→ **DATA SEGMENT**

______________________________

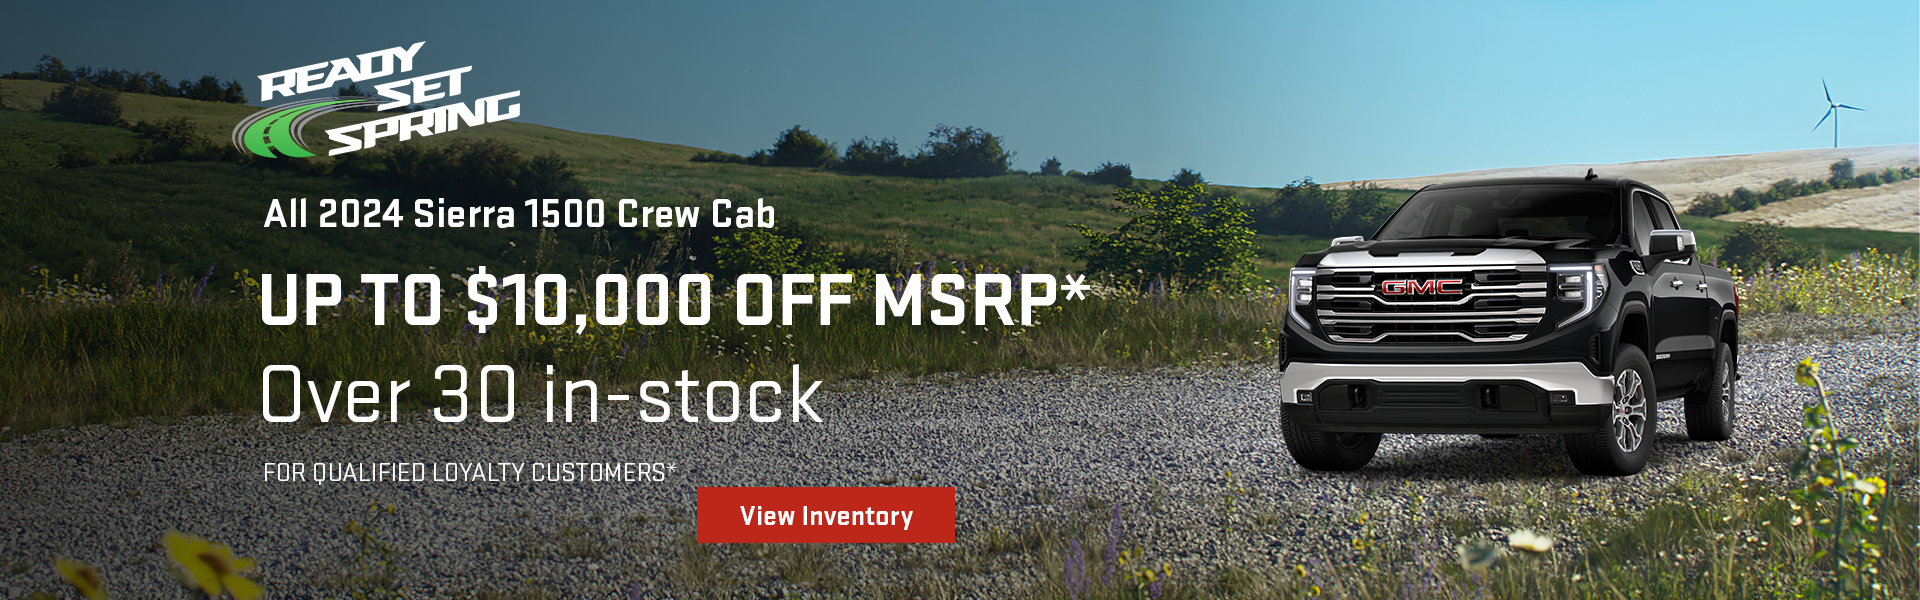 Up to $10,000 Off MSRP* MY24 Sierra 1500 Crew Cab
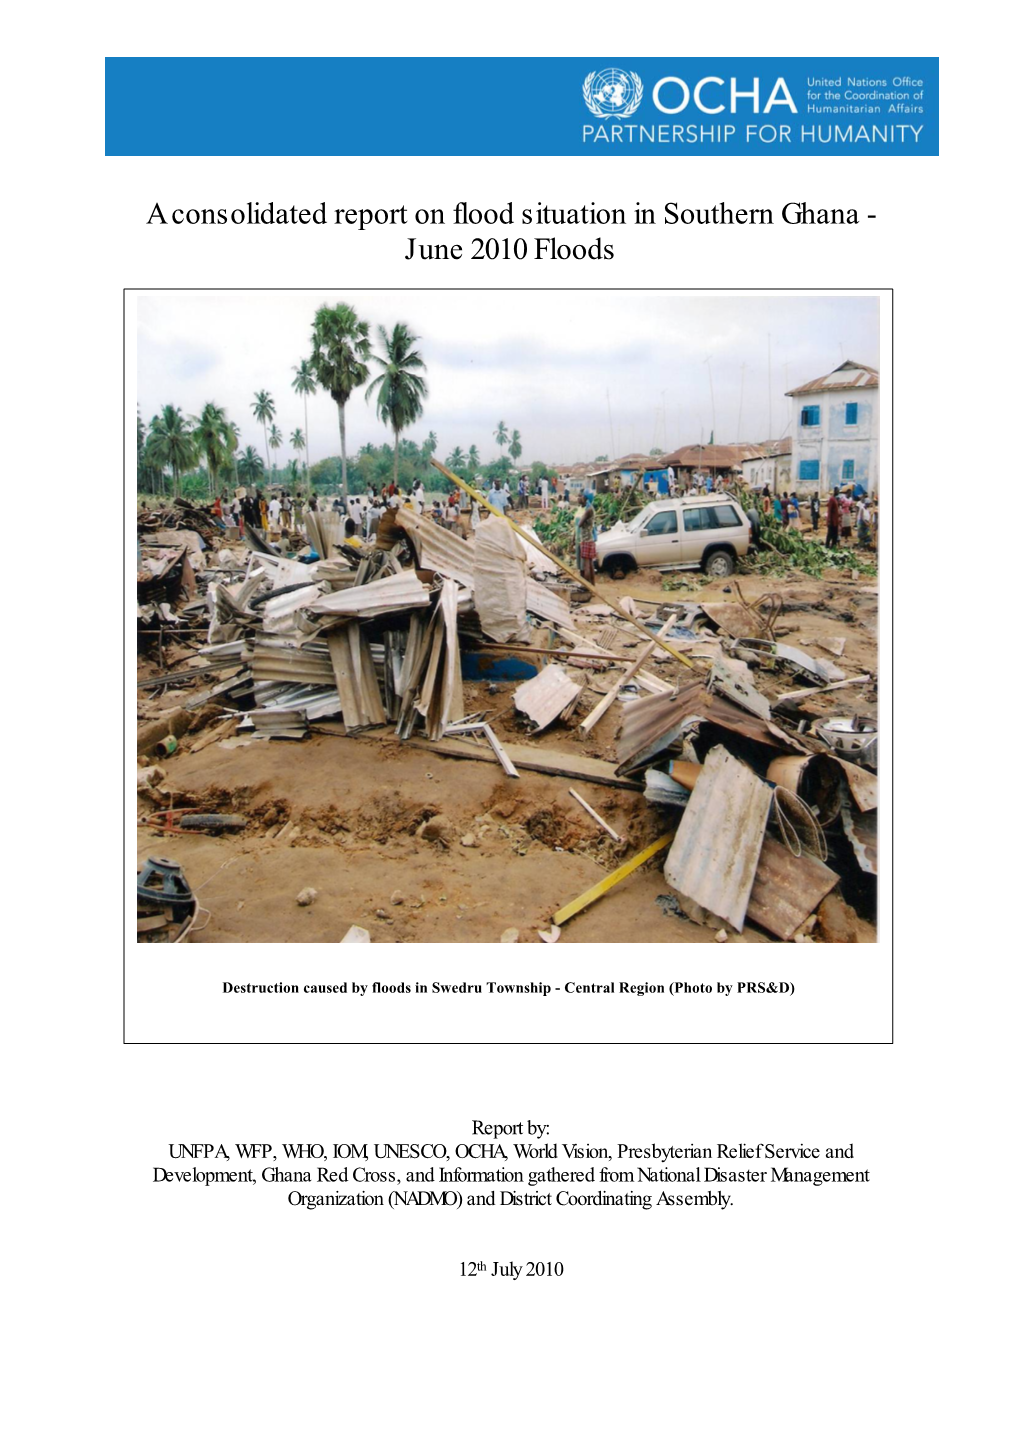 A Consolidated Report on Flood Situation in Southern Ghana - June 2010 Floods
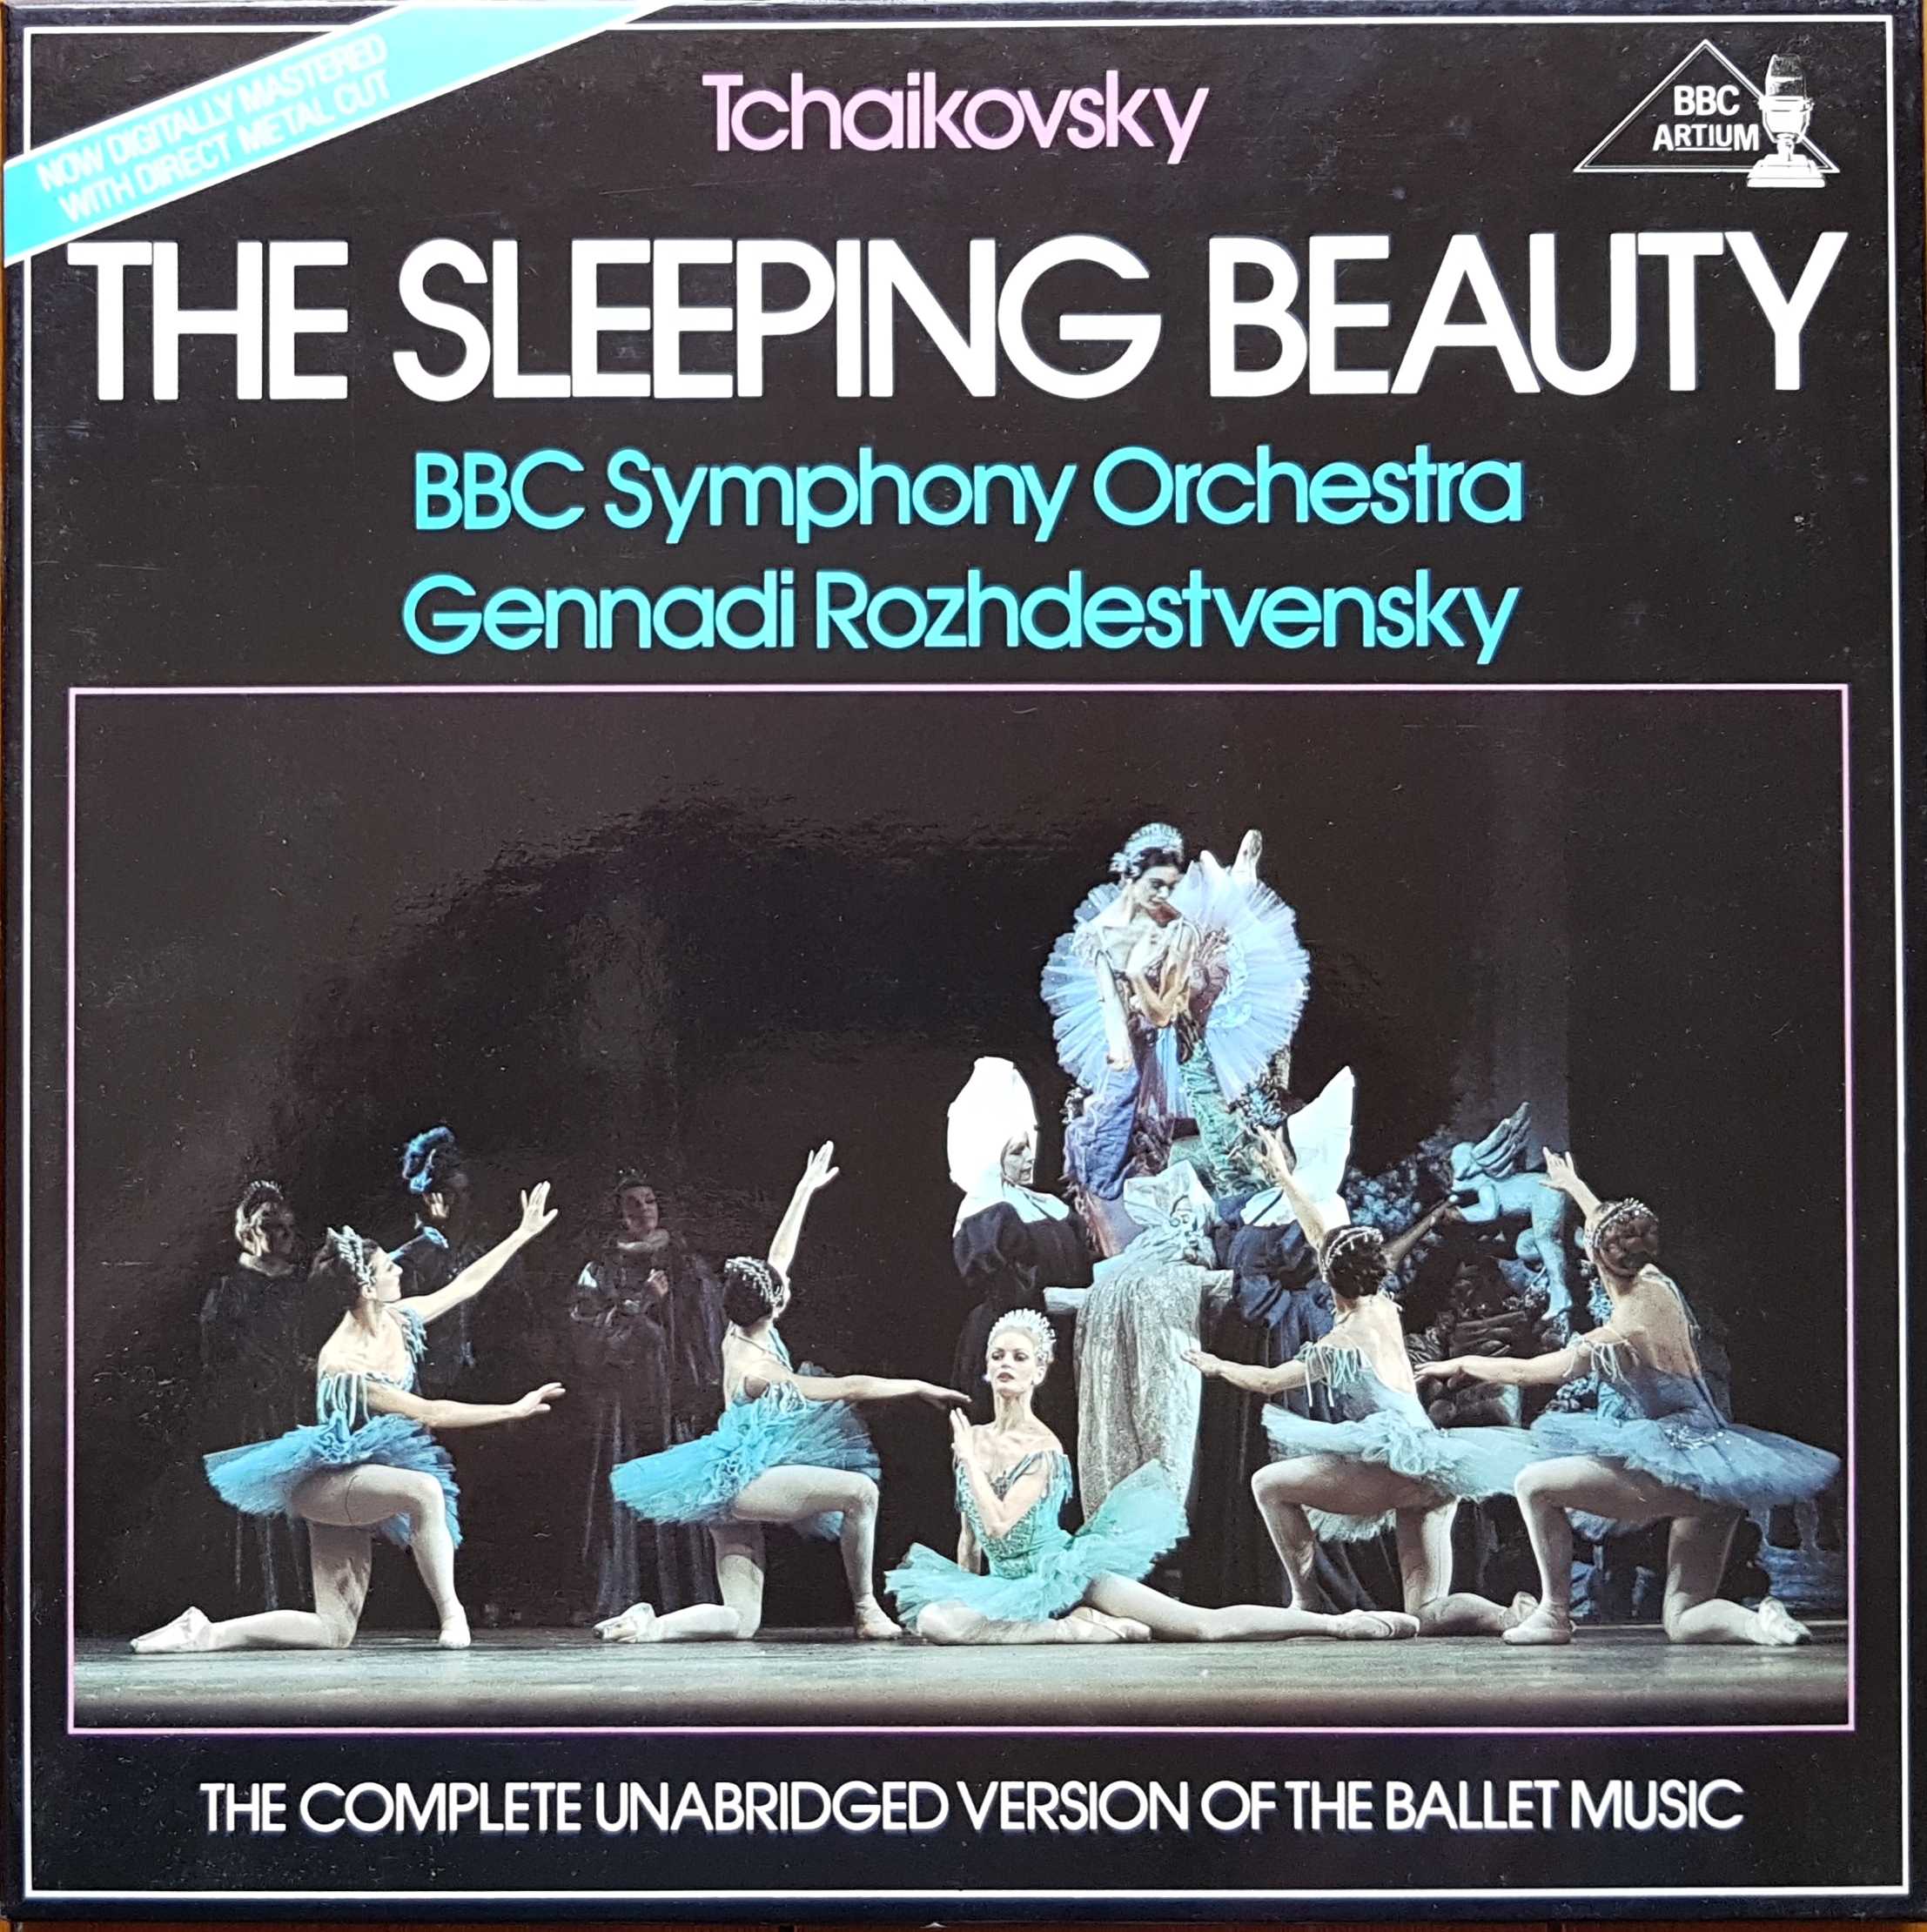 Picture of BBC 3003 The sleeping beauty - Digital version by artist Tchaikovsky from the BBC albums - Records and Tapes library

______________________________

→ **PROBLEM TO SOLVE**
Every word of the material above should be copied exactly; no pictures.

→ **TASK RESPONSE**
 Up to $10,000 Off MSRP* MY24 Sierra 1500 Crew Cab
 A Consolidated Report on Flood Situation in Southern Ghana - June 2010 Floods
 Picture of BBC 3003 The sleeping beauty - Digital version by artist Tchaikovsky from the BBC albums - Records and Tapes library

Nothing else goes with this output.